Puis le cinéaste détaille :

"Après mes premiers films en Grèce, je suis parti à Londres, en fait, pas directement aux Etats-Unis. Vous savez, je faisais des films vraiment fauchés, avec des amis qui acceptaient de me suivre. En partant dans le monde anglophone, cela m'a offert plus de moyens, plus de tout. Je ne cherchais pas absolument à percer à Hollywood, mais cela m'offre l'occasion de faire davantage ce que je veux. Mon prochain film sera plus petit que Pauvres créatures, par exemple, donc ça dépend des projets. Mais c'est génial d'avoir la possibilité de faire tout cela."

"Tourner Kinds of Kindness après Pauvres créatures, ce fut une expérience très intéressante. Et purifiante", dit-il aussi, avant de tenter d'explique sa démarche artistique.

"Je travaille de façon très instinctive, j'essaye de toujours honorer cela. Je m'entoure de gens de confiance.
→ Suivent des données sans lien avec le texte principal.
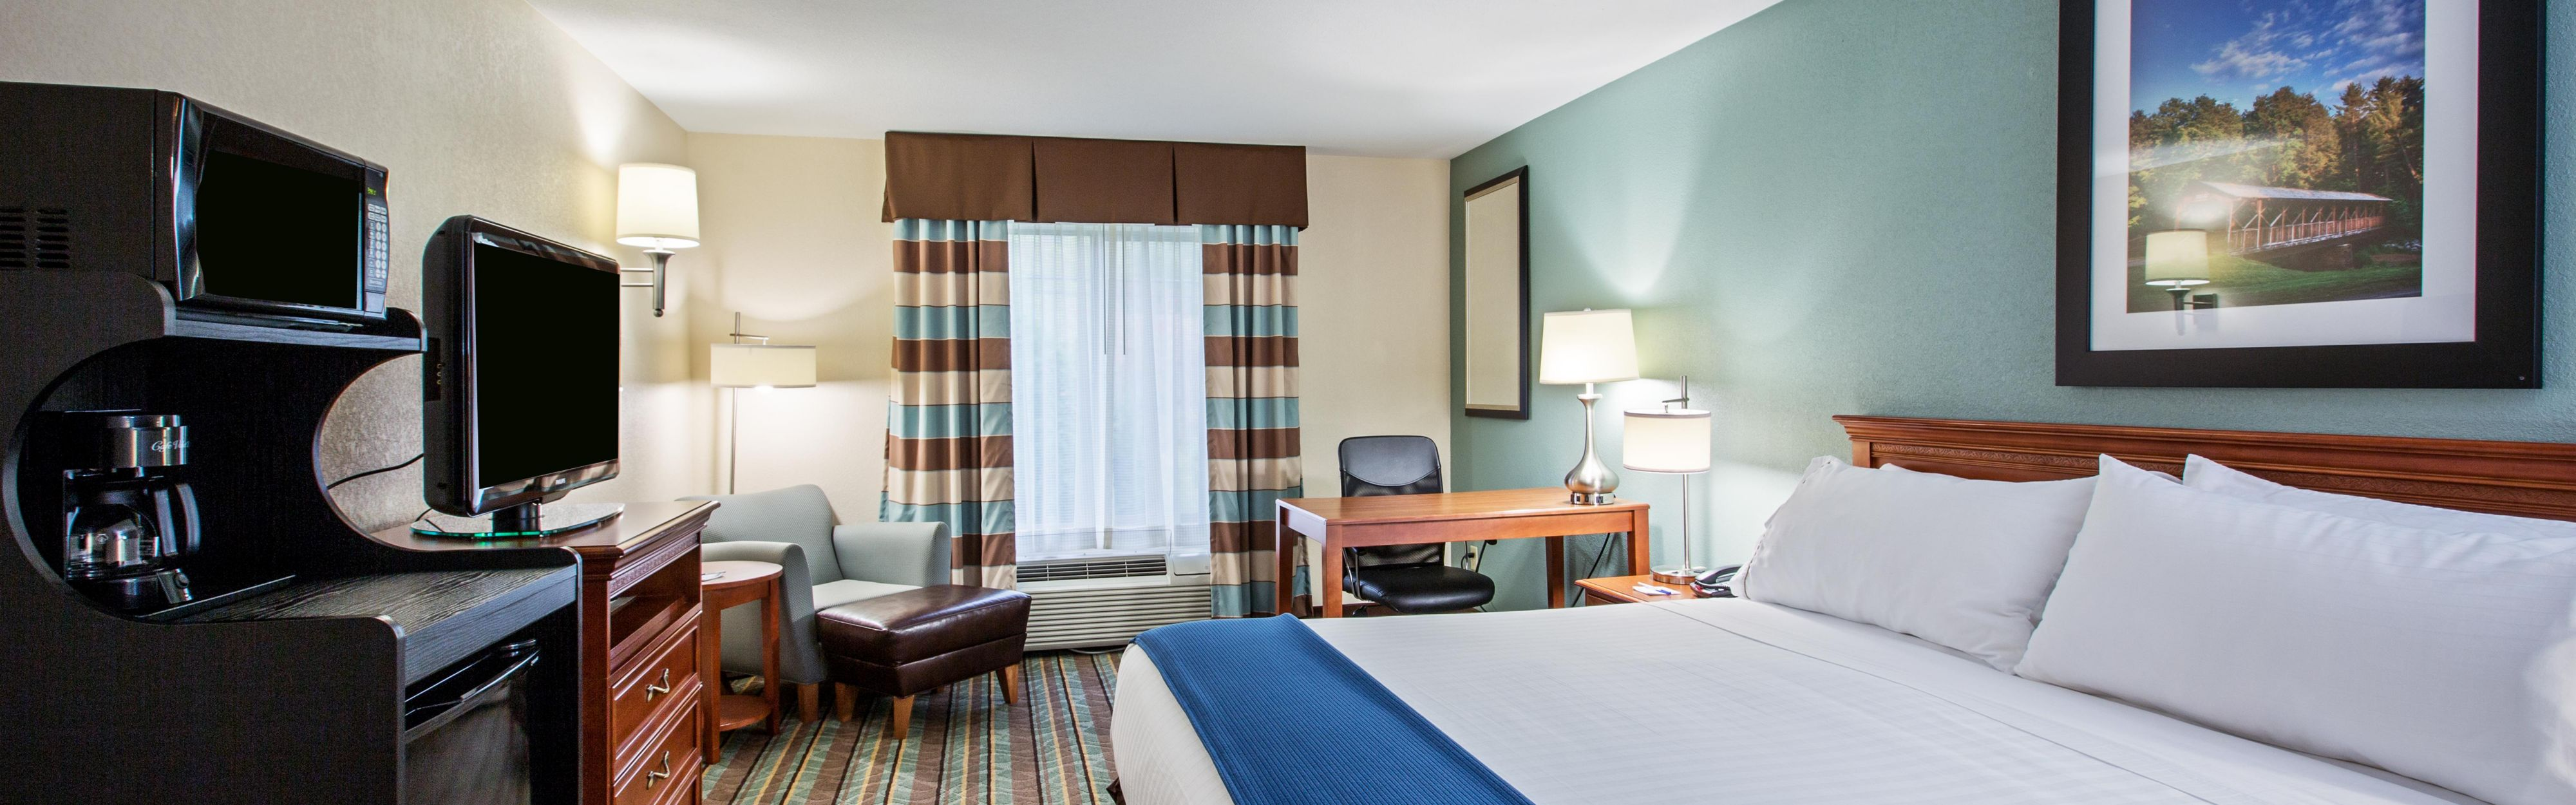 Holiday Inn Express & Suites Salamanca image 1

Mais je ne sais pas si j'ai si confiance en moi que ça. Il faut en avoir un peu, bien sûr, mais on compte aussi beaucoup sur les personnes qu'on invite dans notre univers, et c'est sans doute pour ça que j'adore retrouver des collaborateurs d'un film à l'autre.

(...)

C'est tellement dur d'expliquer pourquoi vous faites les films que vous faites. Pourquoi vous prenez telle ou telle décision, alors que de votre point de vue, vous avez été inspiré par des gens, vous avez travaillé à plusieurs...

(...)

La physicalité, le langage du corps, c'est très important pour moi. On commence toujours par ça, pas par intellectualiser. Quand on a une histoire solide, de tels personnages, on a besoin de se lancer, d'y aller. Le corps, c'est crucial de mon point de vue. Et puis, je ne blesse personne réellement, l'idée c'est d'explorer. Explorer la vie. Tout ça passe par la bizarrerie, le malaise..."

Kinds of Kindness sortira le 26 juin en France.